In an attempt to provide alternatives to petroleum-based materials, composites have been developed that utilize more eco-friendly raw materials. For instance, inorganic materials such as silicas, clays, metal oxides and the like have been formed into aerogels. Clays have attracted a great deal of interest due to their abundance, environmental safety, and physical characteristics. Many such composite systems utilize layered or smectic clays that may be exfoliated into individual layers. For example, U.S. Patent Application Publication No. 2007/0208124 to Schiraldi, et al. describes a clay aerogel/polymer composite including exfoliated clay and polymers such as starches, plant gums, modified cellulosic and lignin materials, and the like.
Exfoliation of layered clays may be used to form nanoclays. Nanoclays are a broad class of inorganic minerals, of which plate-like montmorillonite is the most commonly used in materials applications.

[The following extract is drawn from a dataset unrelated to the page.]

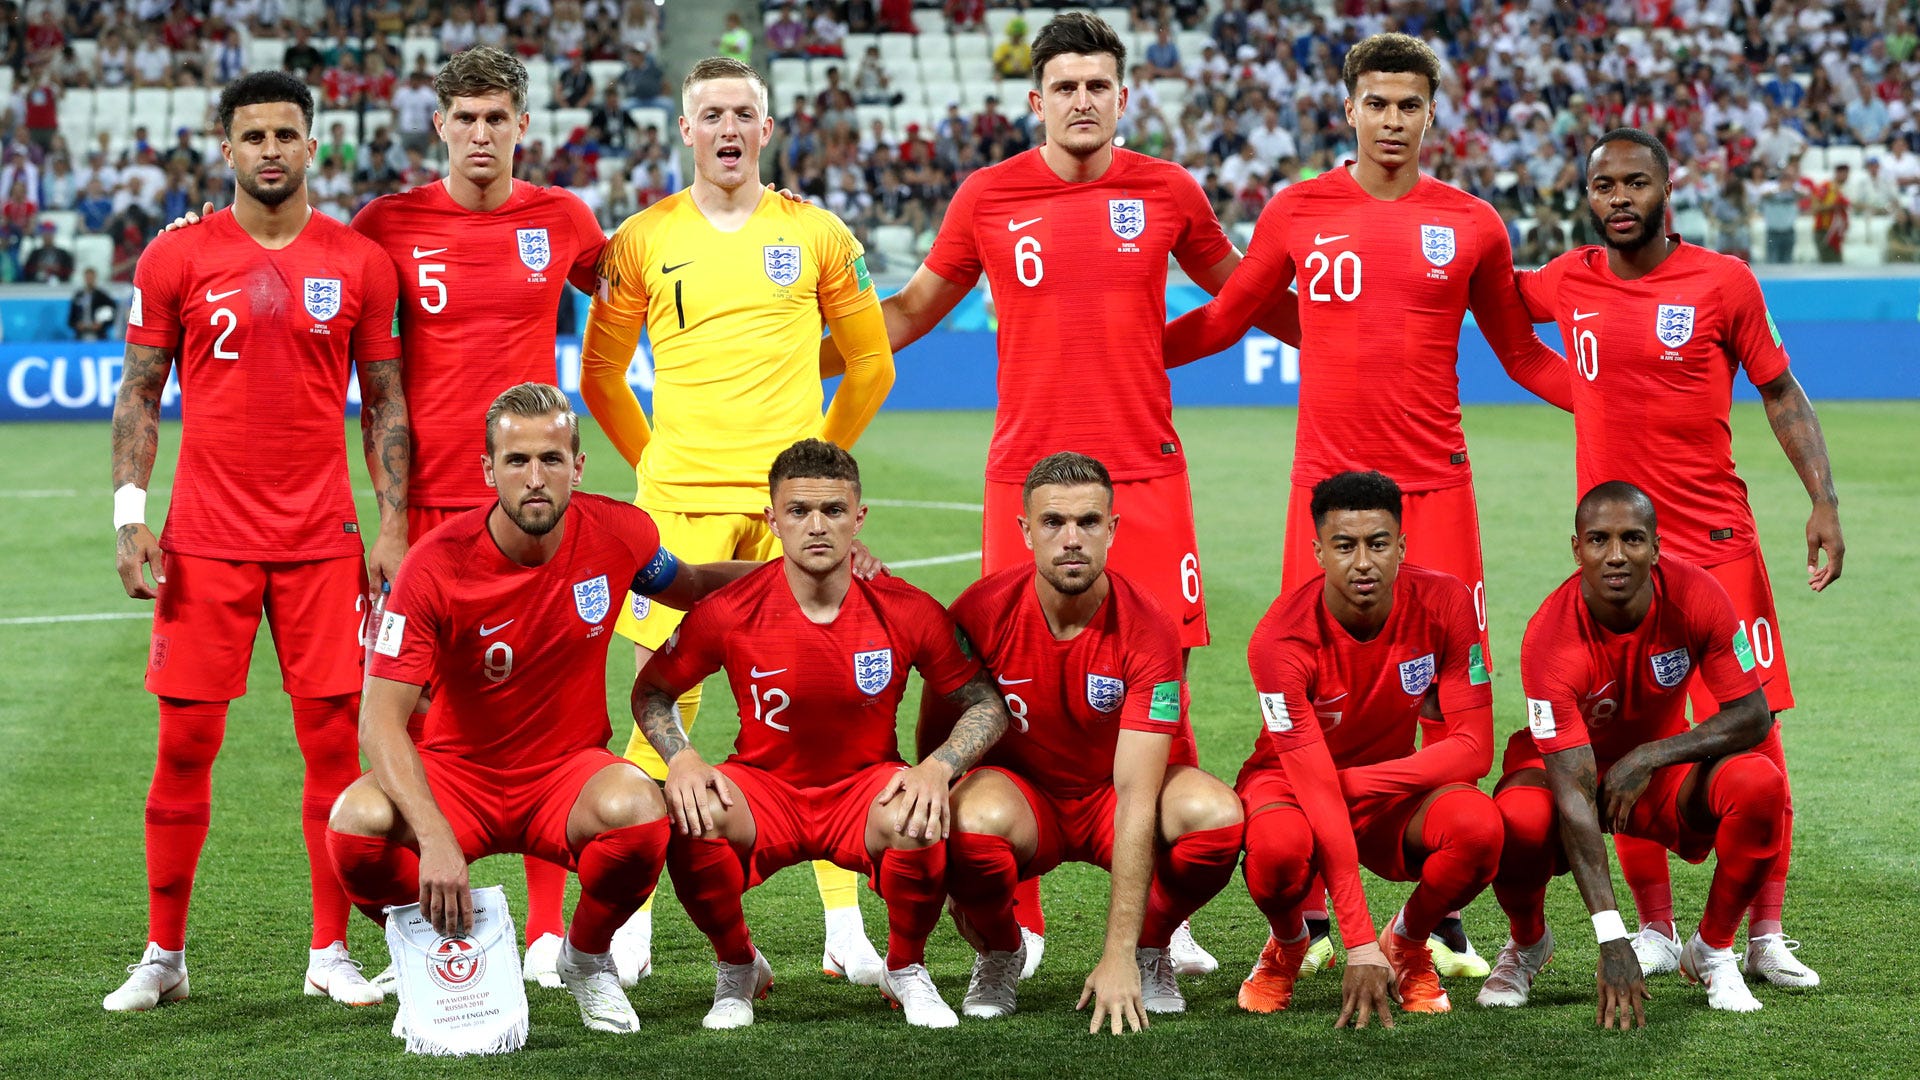 England 2018 WM-Kader Ergebnisse Spielplan Tabelle
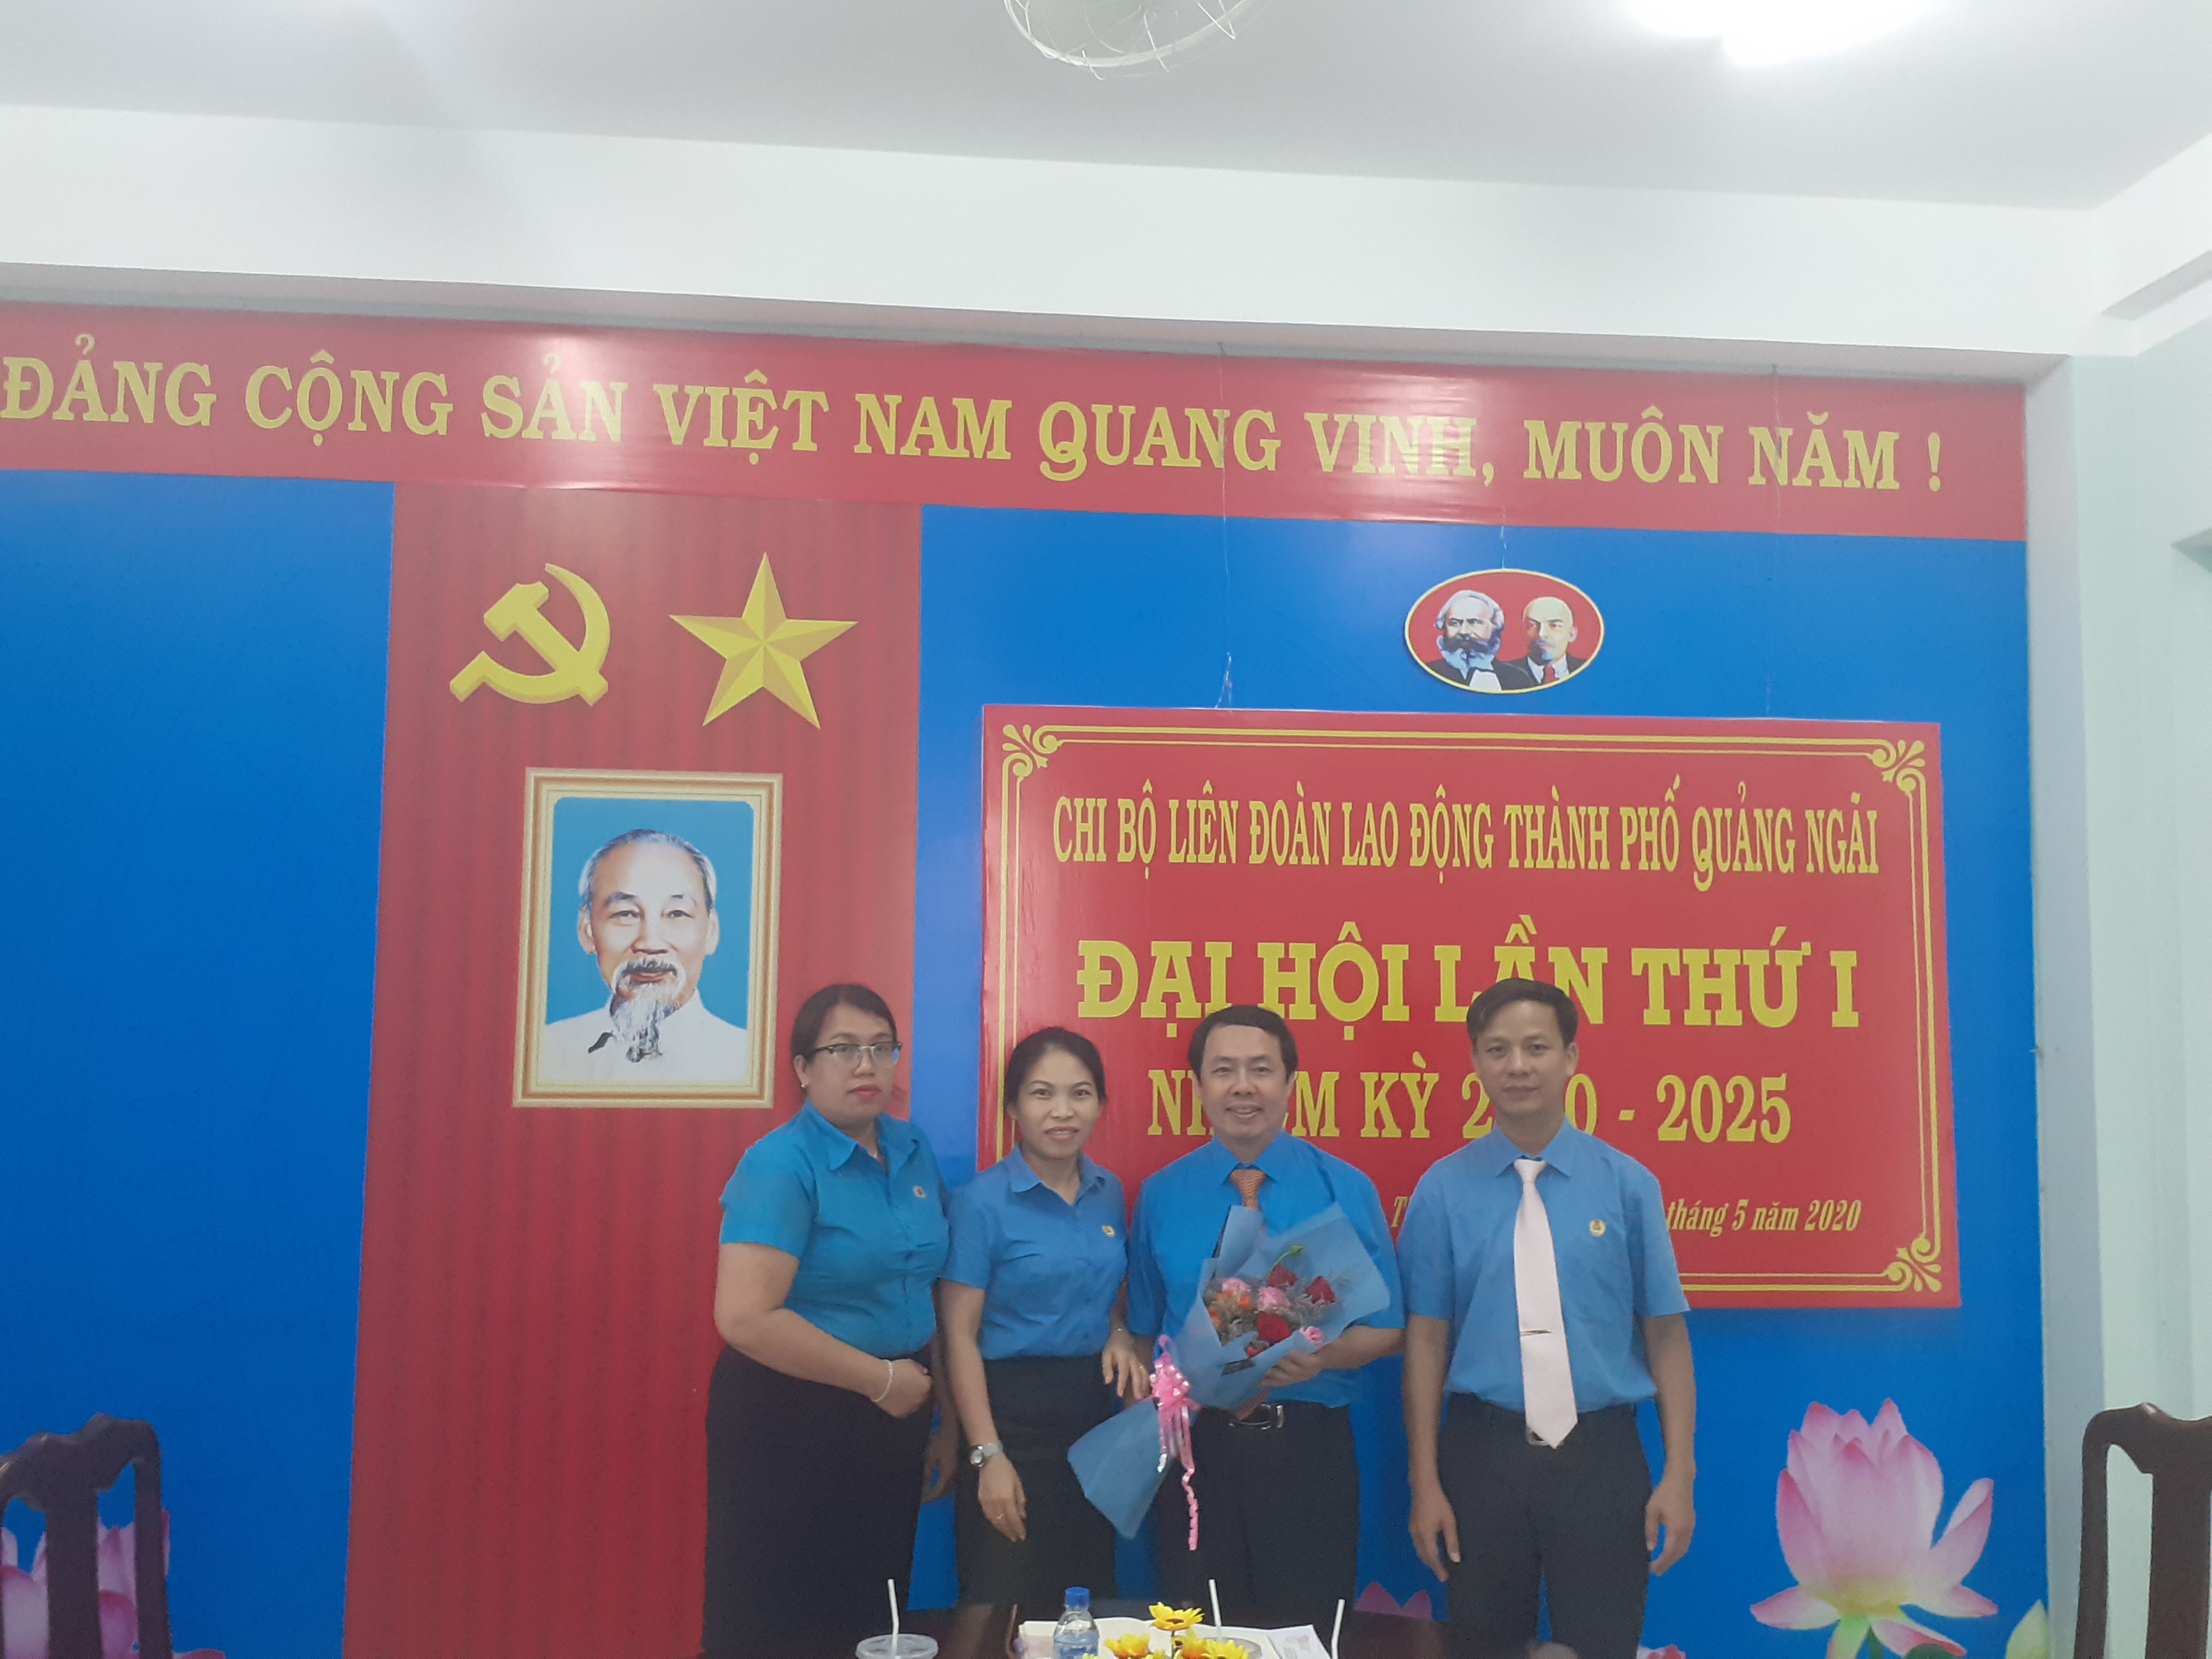 Đại hội Chi bộ Liên đoàn Lao động thành phố Quảng Ngãi lần thứ I đã thành công tốt đẹp

Montmorillonite consists of roughly 1 nanometer (nm) thick aluminosilicate layers surface-substituted with metal cations and stacked in about 10 micrometer (μm) thick multilayer stacks. The exfoliated layers may be dispersed in a polymer matrix to form a polymer-clay nanocomposite. Within the nanocomposite, individual clay layers form plate-like nanoparticles with a very high aspect ratio. Even at low nanoclay loading, the majority of the polymer chains may be held in close contact with a clay surface. This may dramatically alter properties of the nanocomposite as compared to an unfilled polymer matrix. For example, a nanoclay/polymer composite may exhibit increased mechanical strength, decreased gas permeability, superior flame-resistance, and even enhanced transparency as compared to an unfilled polymer matrix. For instance, U.S. Pat. No. 7,553,898 to Rafailovich, et al. describes a flame retardant plastic mixture that includes a polyolefin, a brominated polystyrene or decabromodiphenyl ether, a nanoclay, and metal oxide fillers.
Unfortunately, the potential of nanoclay composite materials has yet to be fully attained. This is understood to be primarily due to the tendency of clay nanoparticles to self-assemble into the relatively large, well-ordered lamellar structures found in nature. Nanocomposites formed to date tend to exhibit a lamellar structure including a large proportion of macroscopic porosity caused by the formation of these lamellar structures, which may prevent realization of desired composite characteristics.
What are needed in the art are composite materials and methods for forming the composites that provide favorable thermodynamic driving forces so as to overcome the tendency of nanoclay particles to assemble into lamellar structures. Such methods may be utilized to form eco-friendly, low density, fire-resistant composite materials that exhibit a homogeneous microscopic porous structure and desirable physical characteristics.